Abdominal and chest wounds can be quite serious because internal organs may be damaged, which can cause internal bleeding and even shock. Abdominal and chest wounds are considered an emergency, and you should call for immediate medical help, especially if there are symptoms of shock, such as dizziness, weakness, pale and clammy skin, shortness of breath, and increased heart rate.
While waiting for medical care, give first aid treatment for shock. Have the injured person lie quietly with his or her feet elevated about 12 inches. Cover him or her with a blanket to maintain body warmth.
First Aid for Cuts and Wounds
• Help the person to remain calm. If the cut is large or bleeding heavily, have them lie down. If the wound is on an arm or leg, raise the limb above the heart to slow bleeding.

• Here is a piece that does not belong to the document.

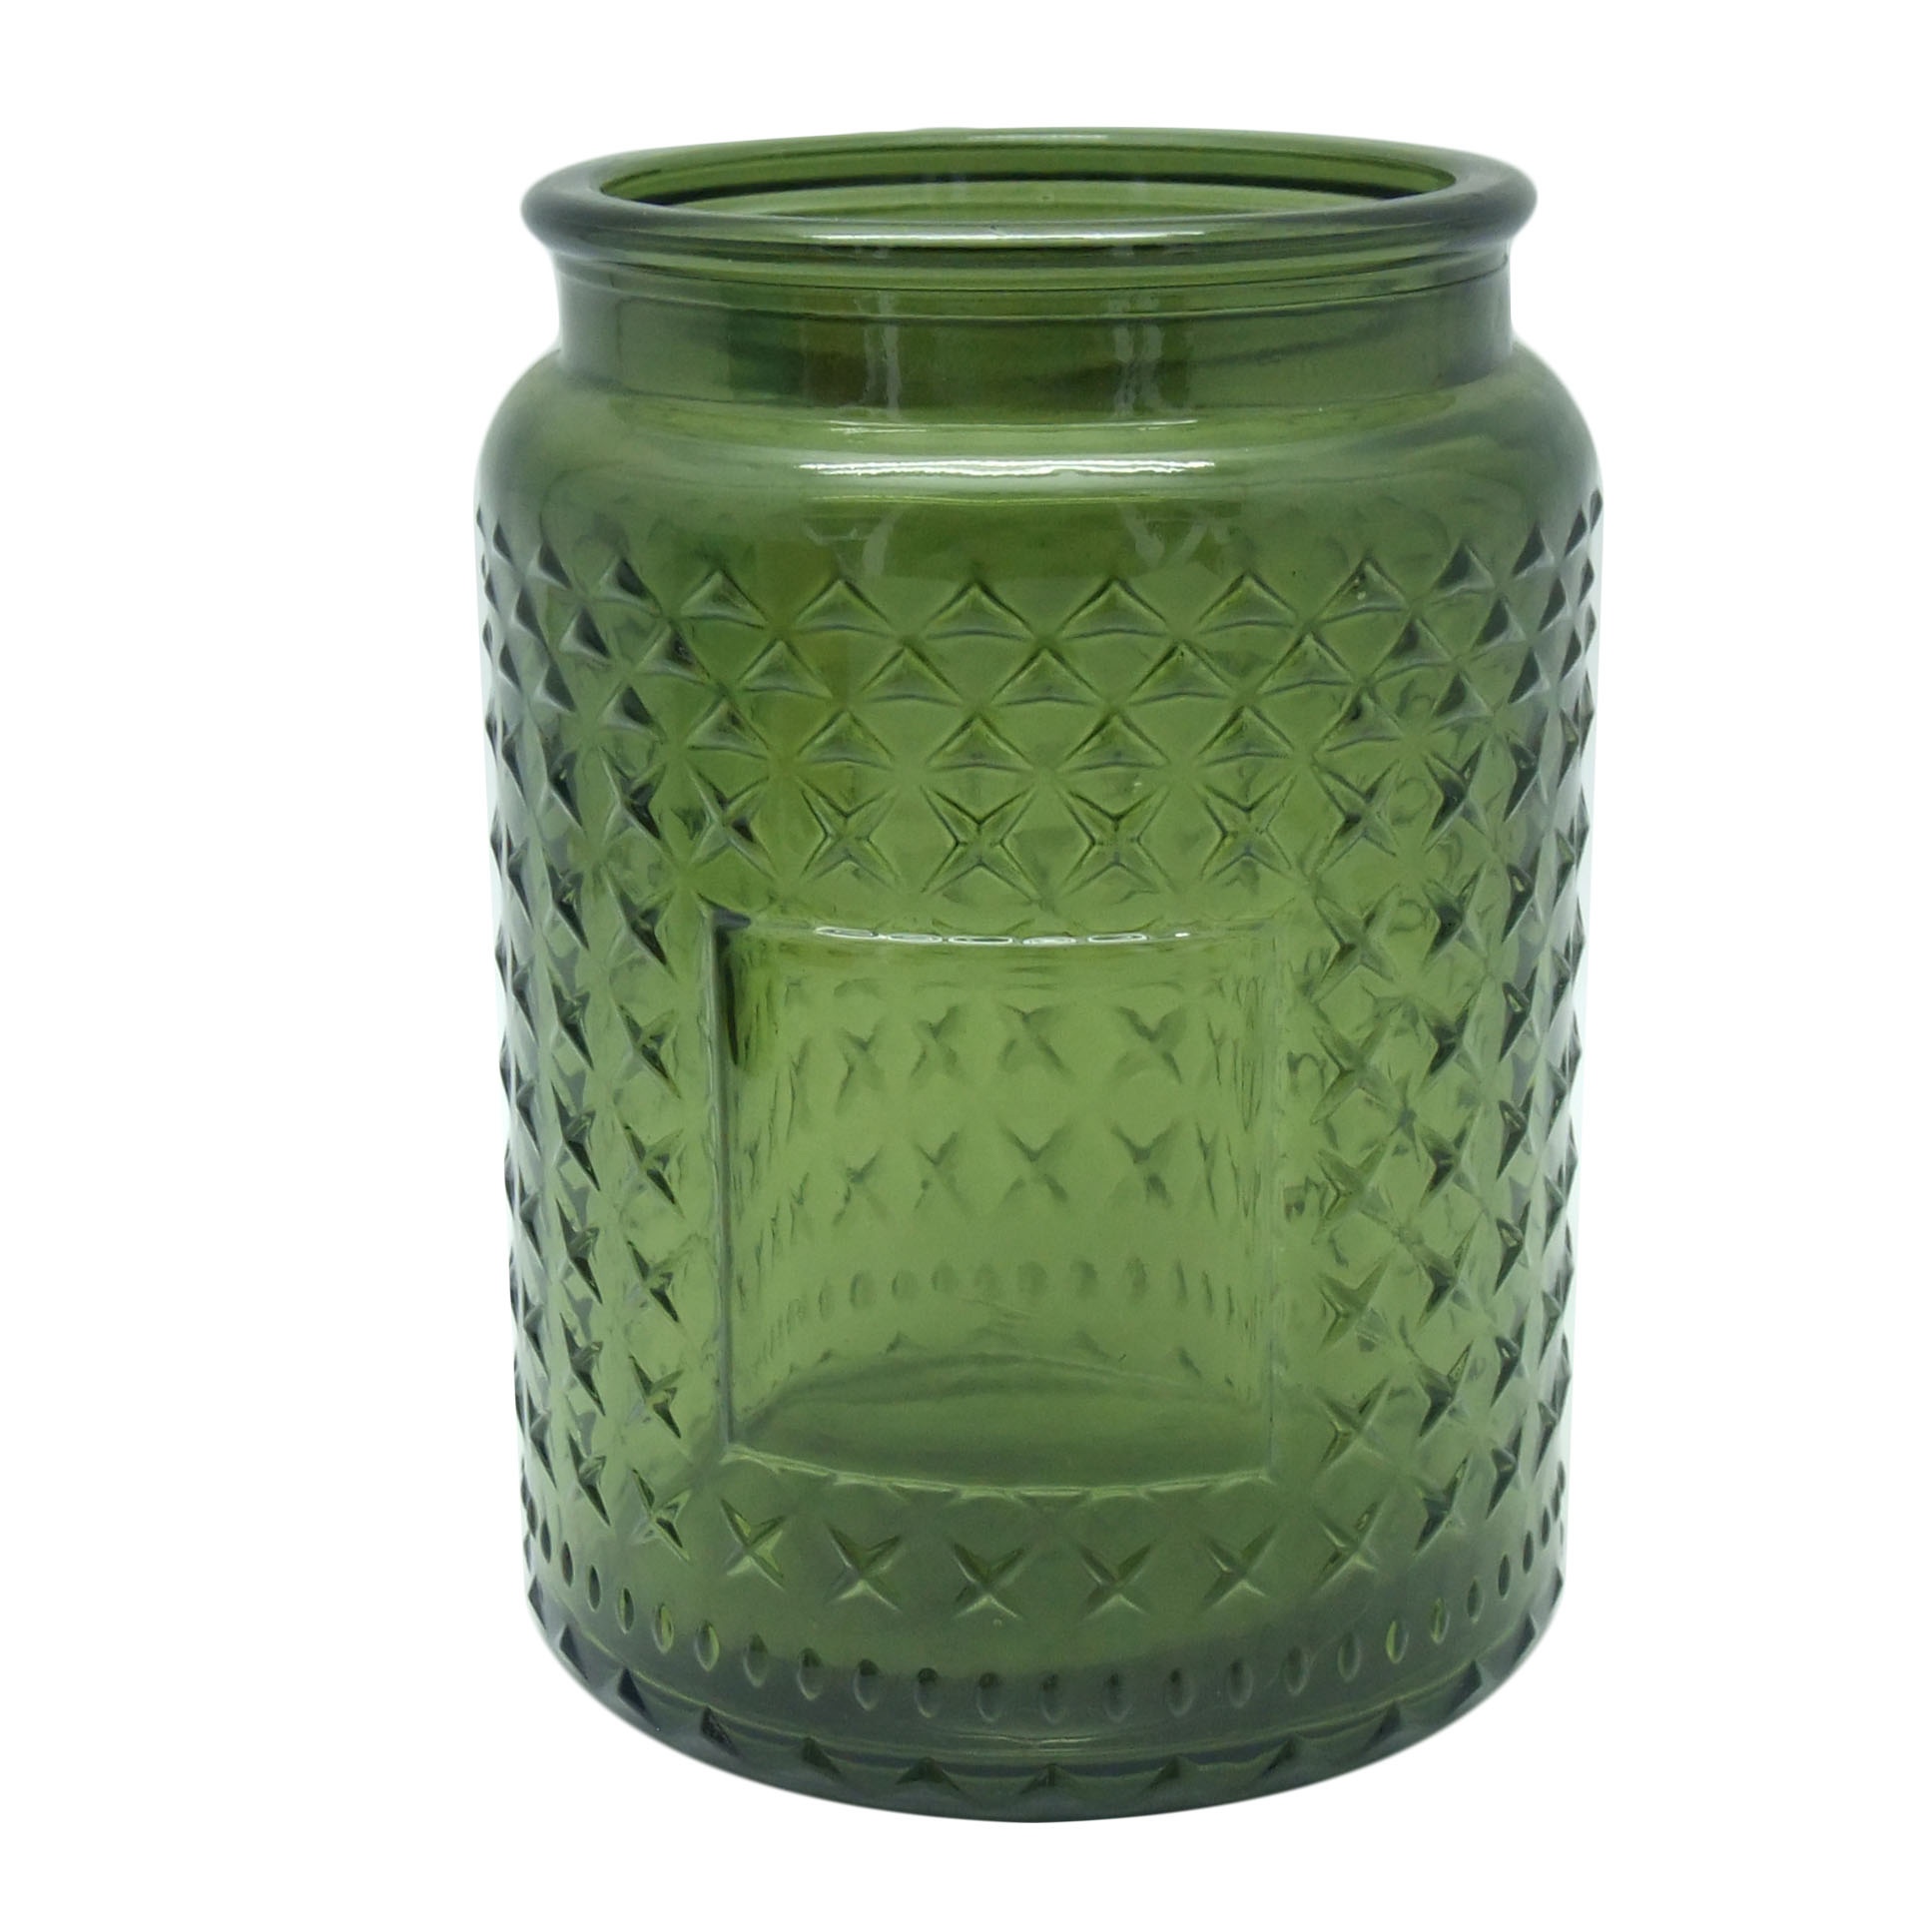 https://colorsglass.com/Uploads/products/2020-03-16/en-large-embossed-glass-jar-candle-17oz-unique--1-.jpg

• Remove obvious debris from the wound, such as sticks or grass. If the object is embedded in the body, do NOT remove it.
• If the cut is small, wash it out with soap and water. Do NOT clean a large wound.

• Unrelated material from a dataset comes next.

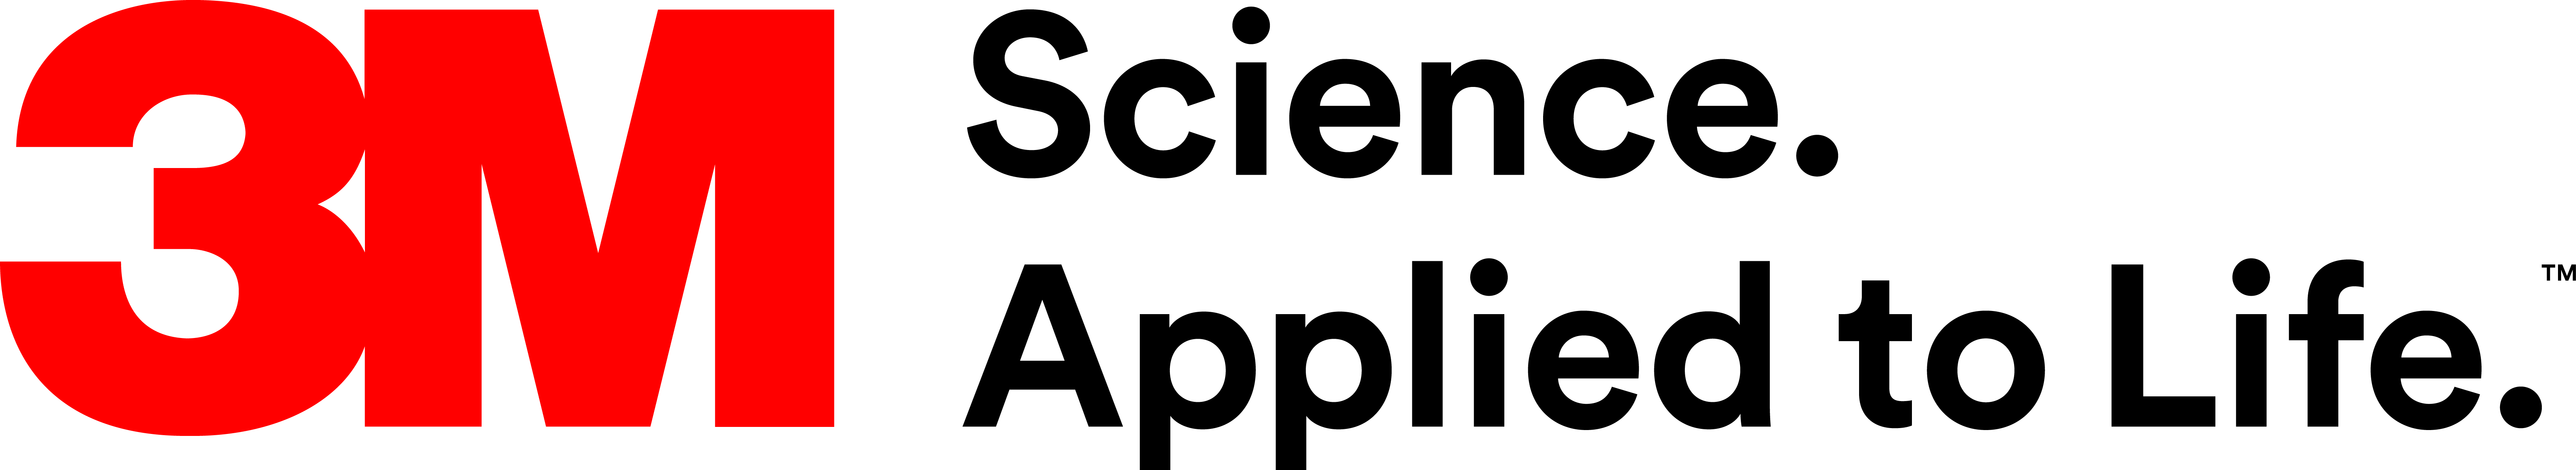 3m science png logo #5128

• After putting on clean latex gloves, apply firm pressure to the wound with a folded cloth or bandage for about 10 minutes. Do not remove the bandage to look at the wound during this time, as it may begin bleeding again. If blood soaks through, add another cloth or bandage and continue holding pressure on the cut for an additional 10 minutes.

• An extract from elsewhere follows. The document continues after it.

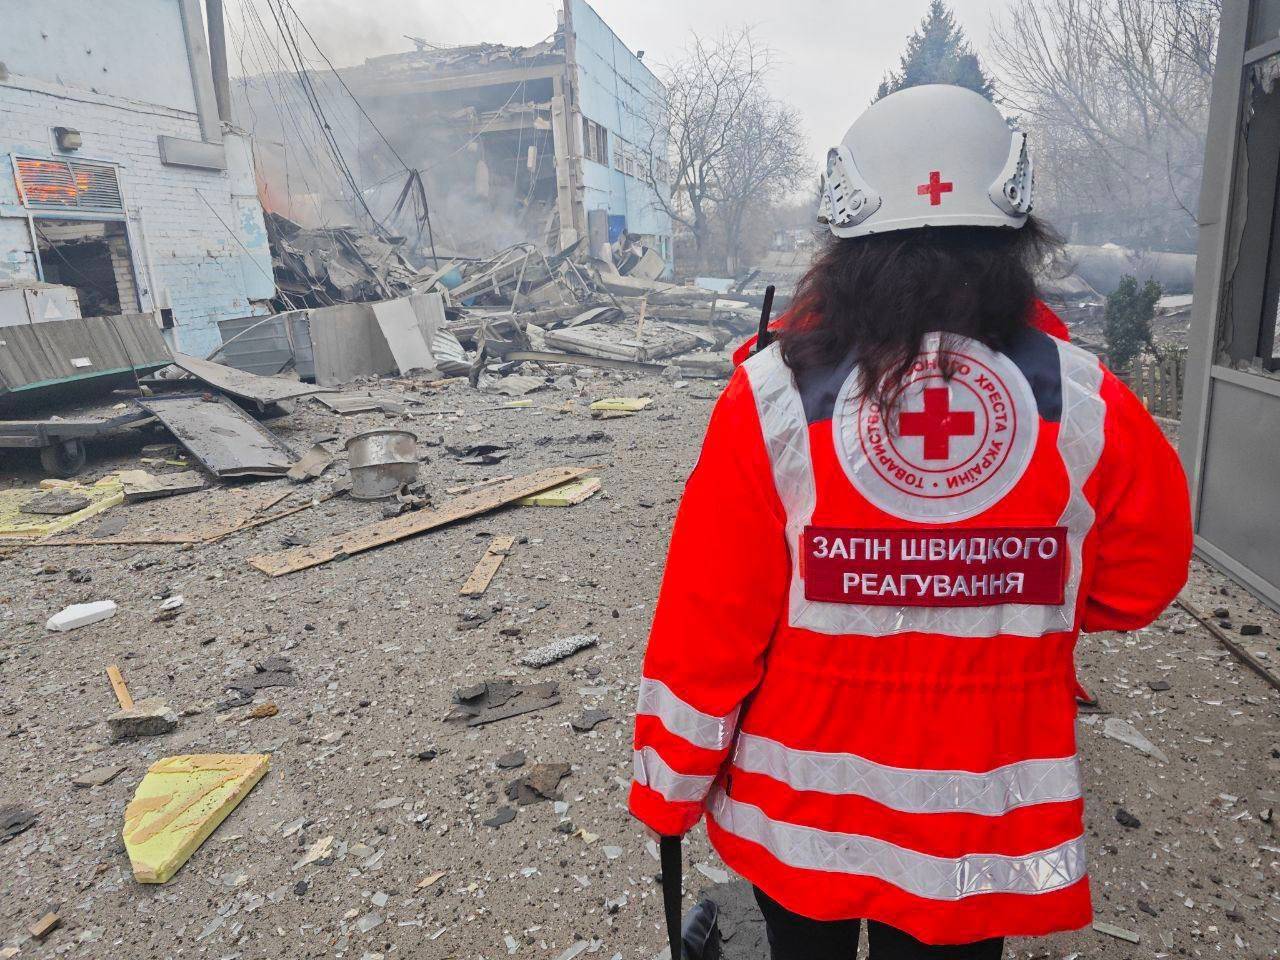 Ukrainian Red Cross Society responding after an attack

• When bleeding has stopped, tape a clean bandage over the cut.
Direct Pressure
Apply generous pressure to the wound site with a dressing, a piece of clothing, or even your bare hand if necessary. Time is not your friend when someone’s bleeding out, so don’t worry about rummaging for sterile dressings. An infection might take weeks to kill, but major blood loss kills within minutes. Use a combination of direct pressure, elevating the wound above heart level (if possible), and improvised dressings. If a dressing soaks through, don’t remove it. Just add another dressing on top and continue the pressure until the bleeding stops.
Pressure Points
If severe bleeding does not stop with direct pressure and elevation, switch tactics and apply direct pressure to the nearest artery. When you apply pressure to an artery, you stop bleeding by pushing the artery against bone. There are specific major arteries in the body where pressure should be placed. Press down firmly on the artery between the bleeding site and the heart, closer to the heart. After bleeding stops, do not continue to apply pressure to an artery for longer than five minutes. This technique requires knowledge of the major arterial pressure points. There are several pressure points used in emergency medical treatment of severe bleeding, but the two most common points are the femoral artery and the brachial artery.
• Femoral Artery
The femoral artery is the primary pressure point for the legs. There is one in each upper thigh, inside the thigh near the area of the groin. This artery can require much more pressure than other arteries because of its deeper location.
• Brachial Artery
Bleeding from the arms or hands can be reduced or stopped with pressure to the brachial artery. This point is on the inside of the upper arm, between the bicep and edge of the triceps, several inches down from the armpit. Feel for a pulse there and apply pressure with several fingers or your thumb.
Tourniquet
If the injury is so severe that these methods aren’t stemming the flow of blood, it’s time to consider using a tourniquet. The victim might lose the body part due to lack of circulation, but this has been proven to be rare on the battle field. Remember though, we are talking about scenarios where additional medical care is not available. Select a strong, broad, flexible object, such as a rolled-up shirt, thick cord, rope, or belt. It should not be so thin as to cut into tissue and cause further injury or bleeding. Wrap the tourniquet around the limb as close to the injury as possible, and tie it off as tightly as you can. Alternatively, you can tie the tourniquet around the limb in a loose loop, then tie a handle such as a short, strong stick inside the knot of the loop. Turn the handle several times to twist and tighten. Whatever method you use, you should secure the tourniquet so that it does not come unwound. If possible, dress and bandage the wound, mark the time the tourniquet was applied so that you can later inform the professionals, then get the victim to medical care as soon as possible. Think of your role here more as plumber than doctor—squeeze off the pipes to stop the flow.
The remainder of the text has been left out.